The amount of $82,740 is only $90 less than the Nguyens requested, apparently
reflecting the fact that the Nguyens conceded in their reply that the original request
contained $90 of duplicative billing.
On appeal, LCC argues that the fee award was grossly excessive and that the
trial court did not enter sufficient findings to create an adequate record for appeal. We
note first that, while the size of an award in relation to the amount in controversy may
be a relevant factor for the trial court to consider, that consideration is not dispositive.

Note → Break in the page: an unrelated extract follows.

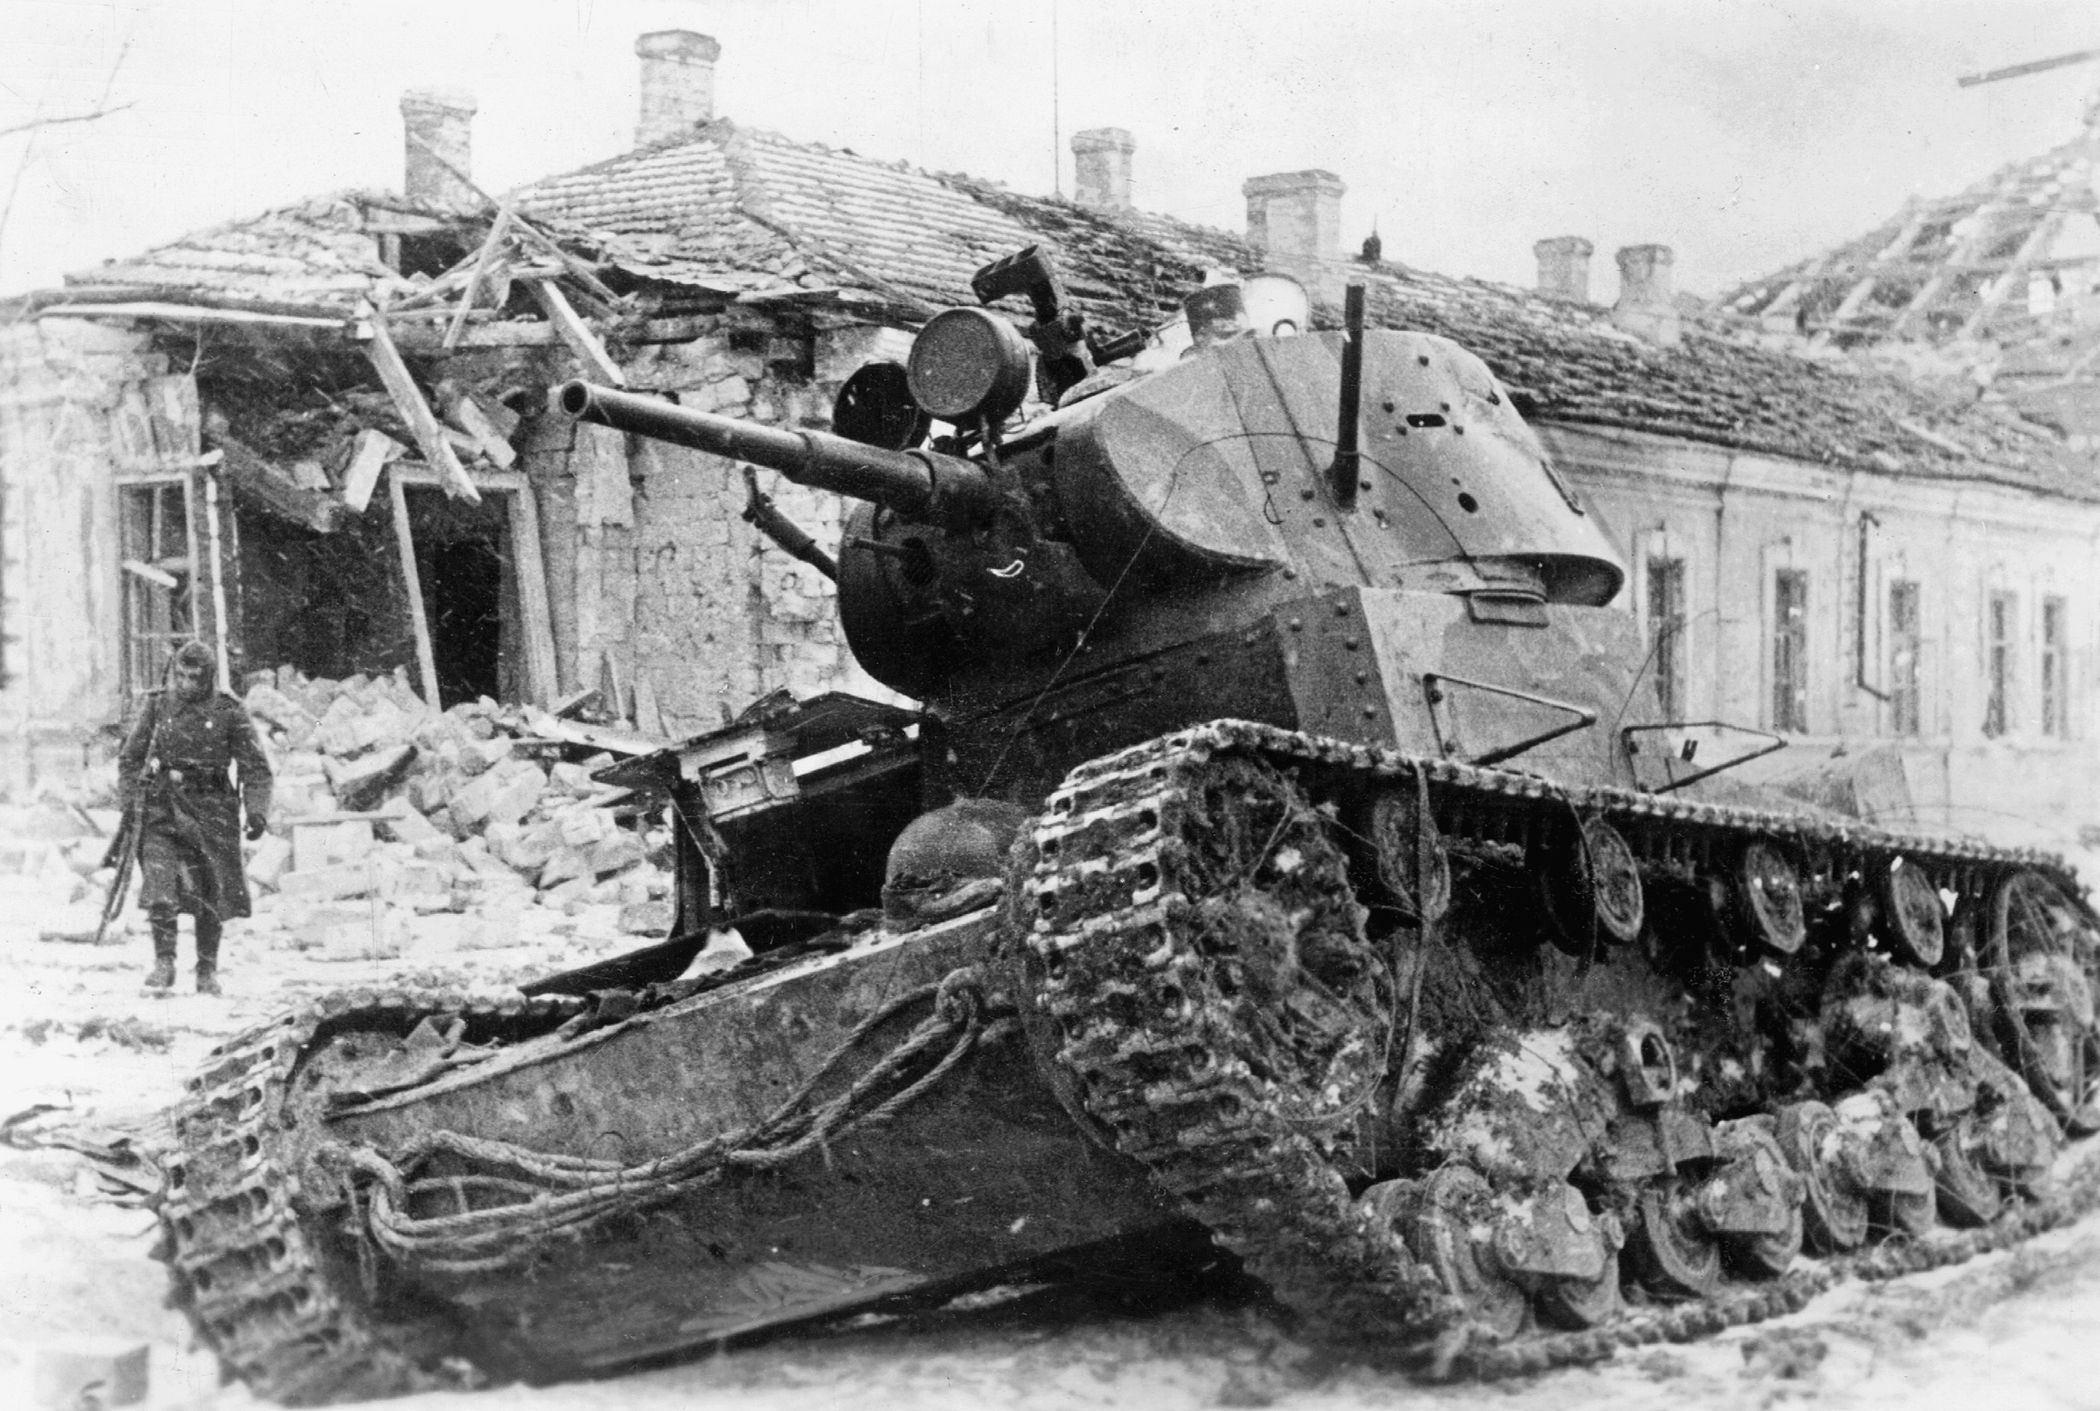 The charred hulk of a Soviet tank sits derelict following a clash with German armored units during a winter battle in 1942. Although Soviet forces were committed to the Luban offensive in large numbers, the resourceful Germans repelled them with great loss.

Mahler v Szucs, 135 Wn.2d 398, 433, 957 P.2d 632, 966 P.2d 305 (1998). But,
"[c]ourts must take an active role in assessing the reasonableness of fee awards, rather
than treating cost decisions as a litigation afterthought. Courts should not simply
accept unquestioningly fee affidavits from counsel." Id. at 434-35. To establish an
adequate record for appellate review of fee awards, the trial court must enter findings of
fact and conclusions of law. Id. at 435.
11
No. 66762-9-I/12
Here, despite detailed challenges to the fees claimed, the trial court signed the
Nguyens' proposed findings of fact and conclusions of law, which contained only one
finding regarding attorney fees. It filled in a blank space for the amount of attorney
fees. It only deducted $90 from the requested amount, apparently recognizing the
Nguyens' explicit concession that there was $90 of duplicative billing. In light of the
size of the fee award in comparison with the amount in controversy, and the number
and nature of charges disputed, the trial court's solitary finding that the fees were
reasonable and necessary is insufficient to create a record for appellate review. We
remand for the trial court to enter appropriate findings.
III. Attorney Fees on Appeal
The Nguyens request reasonable attorney fees and costs incurred for purposes
of this appeal pursuant to RAP 18.1 and RCW 60.04.181(3), 4.84.250, and 4.84.330,
the three bases under which the trial court awarded fees. LCC does not contest the
Nguyens' request. Accordingly, we award the Nguyens reasonable fees and costs.